他不知说什么好,望了她一眼,侧身将药碗放在桌案上,“对,我生性骄纵又不成才,母亲生前就这样说过。”

“还好了,我怎么不觉得是那样?”银笙说着,无端红了红脸,手指头在他床沿划来划去。

奚秋弦才要开口,她好似觉得失言,忙道:“我看你现在咳得不太厉害,要不要躺下?”

“不要,一躺下就心口闷得慌。”他坐得吃力,但还是坚持着不愿躺下。银笙焦虑道:“你已经坐了两天,就算是个好好的人也受不了,再这样下去伤势只会越来越重!”

奚秋弦看着她那着急万分的样子,怔了一会儿,才默默撑着双手往下挪。
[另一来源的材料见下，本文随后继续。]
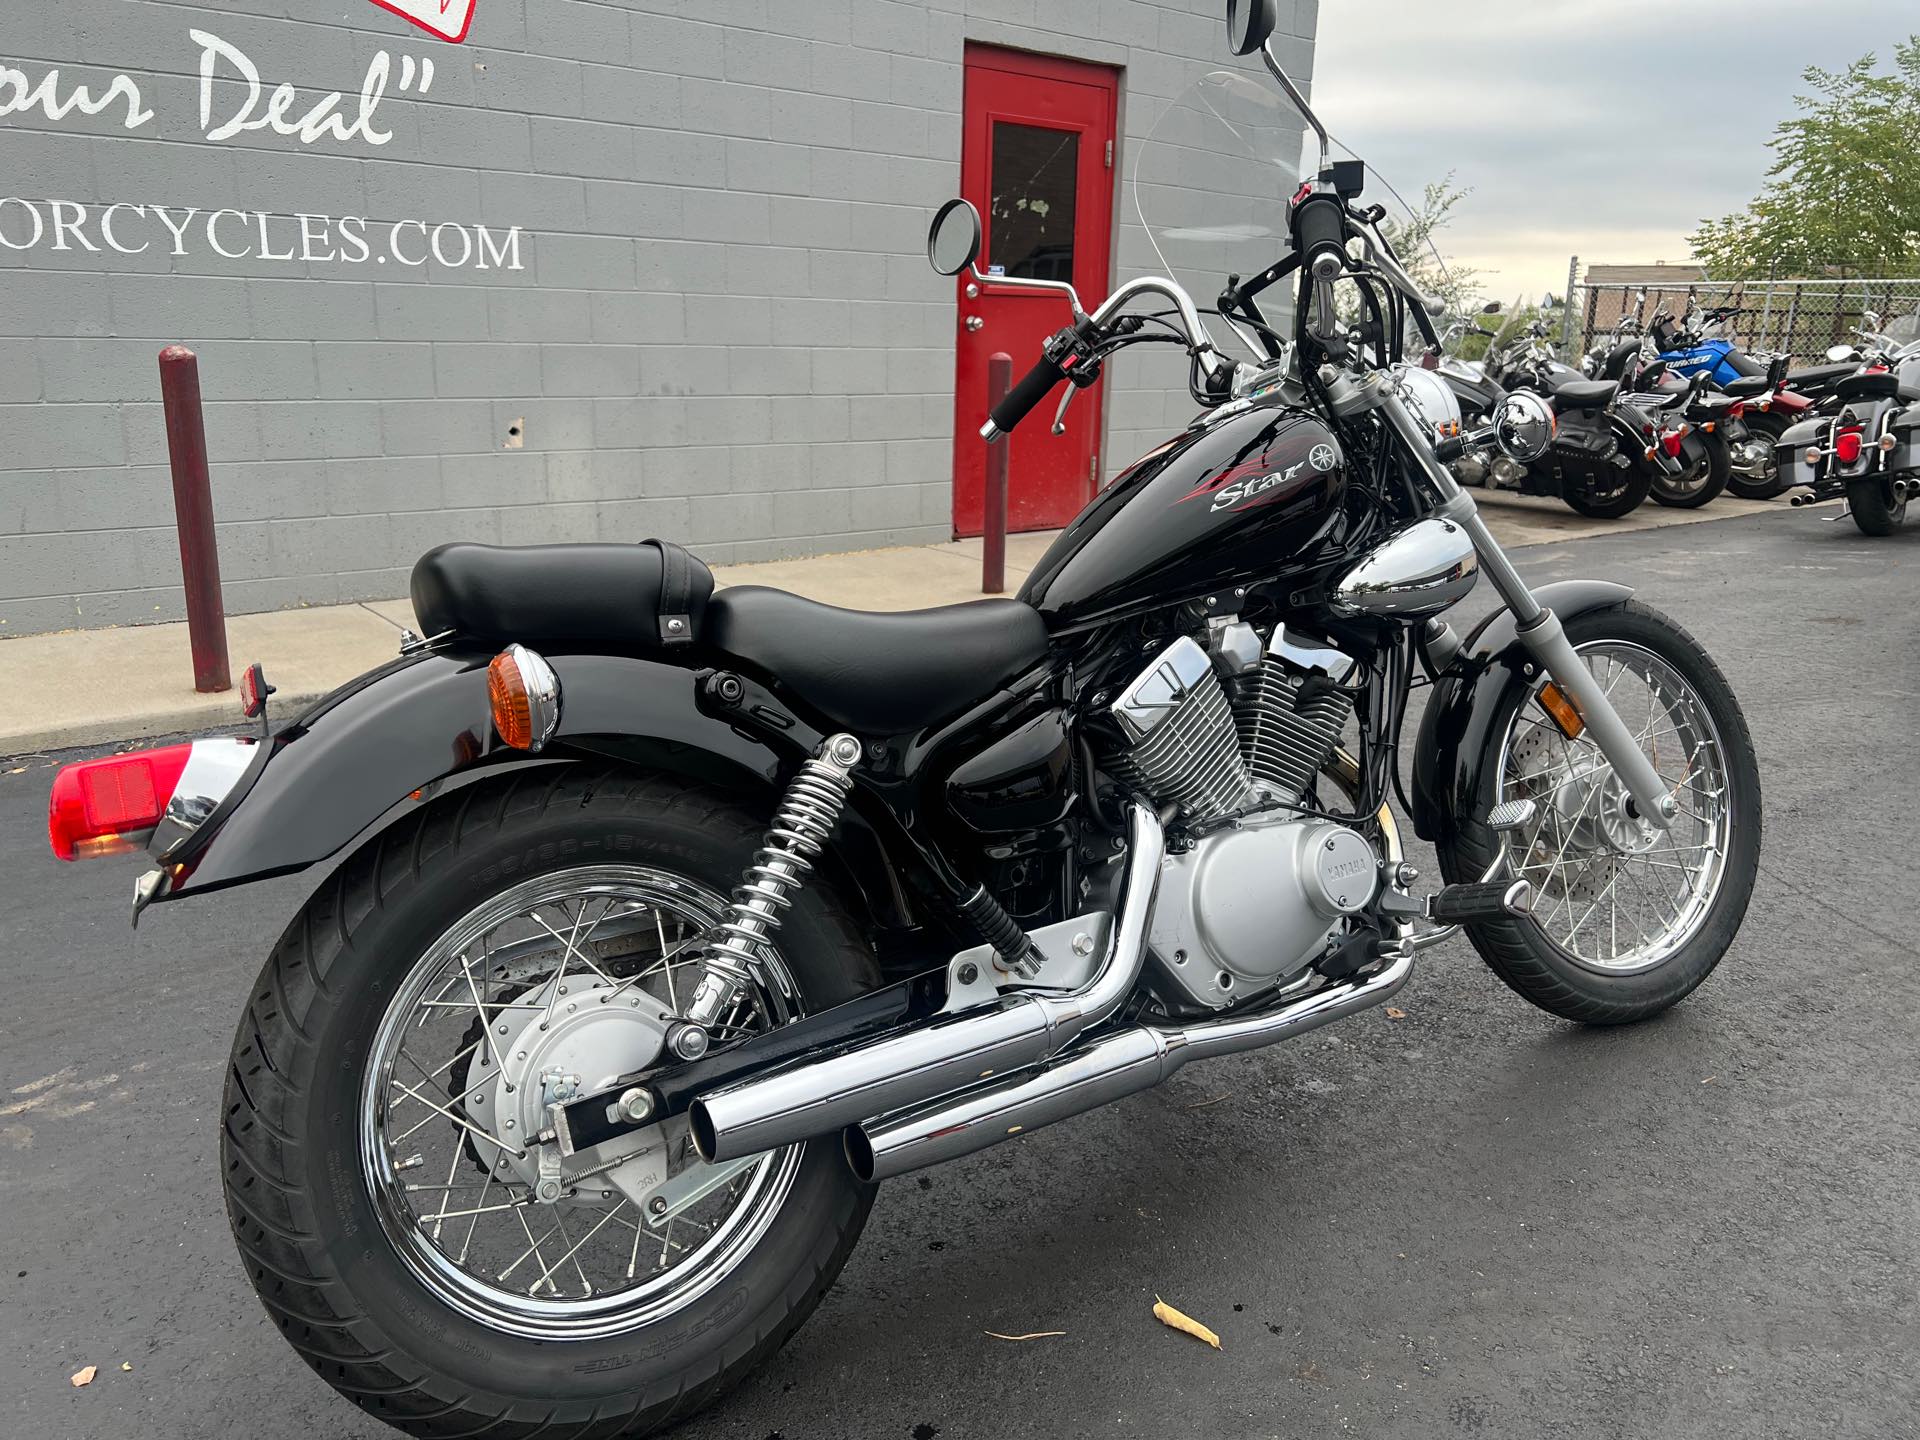 2010 Yamaha V Star 250 at Aces Motorcycles - Fort Collins

银笙见他手臂都有些发颤了,不由俯身扶着他的肩,帮着他慢慢躺好。

她见他额上有细细的汗水,但却还盖着薄被,迟疑了一下,又道,“热的话,我帮你把被子拿掉吧。”

他自躺下后一直没出声,紧闭着双目,似是很难受。因他受伤的缘故,这屋子房门紧闭,窗户也只开了一点点,外面的风几乎吹不进来。银笙低头,慢慢地将他身上搭着的薄被掀了开来,他没有力气跟她抢,只好侧转了身子,背对着她躺着。
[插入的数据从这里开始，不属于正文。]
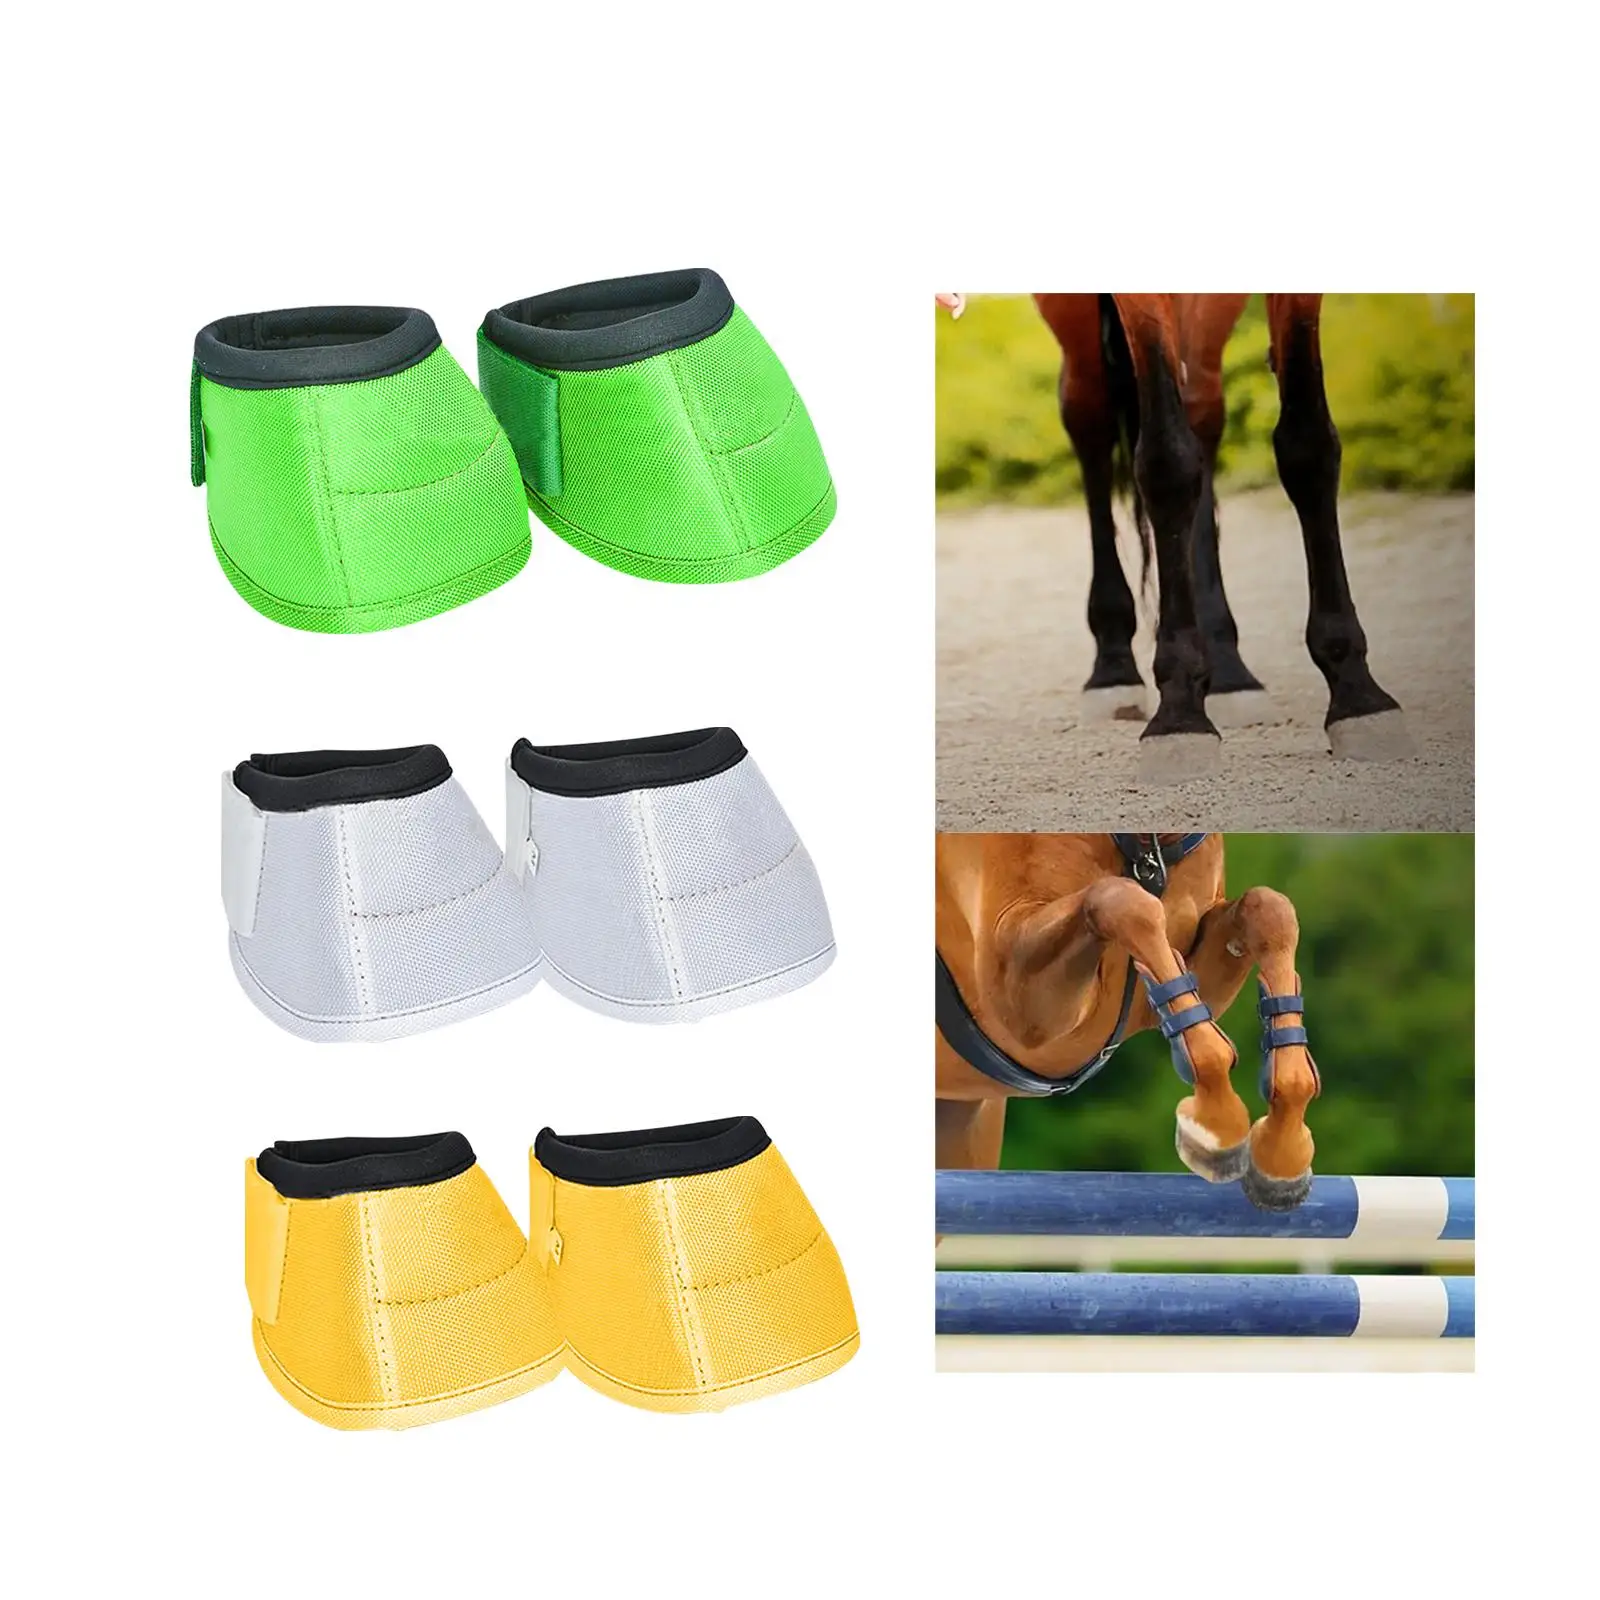 2Pcs Horse Bell Boots Horse Care Boot with Loop Closure Lightweight Easily Put on and Take Off Wear Resistant for Everyday Use

因他没穿外面的长衫,银笙可以很清楚地看到他真实的样子。

膝盖之下所剩不多,再往下什么都没有,白色的细绸裤管斜斜地搭在床榻上,这样的景象比之前在巫山时她所看到的,要更加触目惊心。

奚秋弦还是没说话,也没转过来,始终朝着里侧,静静地躺着。

银笙愣了一会儿,坐在床沿,取过他放在桌上的纸扇,展开后替他轻轻扇着。扇骨为点点泪水痕迹的湘妃竹,白底扇面洒着淡淡金缕,其间行云流水似的写着诗句,她却看不太懂。

房间里格外安静,只有两个人的呼吸。银笙甚至不知他是否太过乏累已经睡着,但又不敢去打搅,便一直保持着这个动作,一下一下地扇着风。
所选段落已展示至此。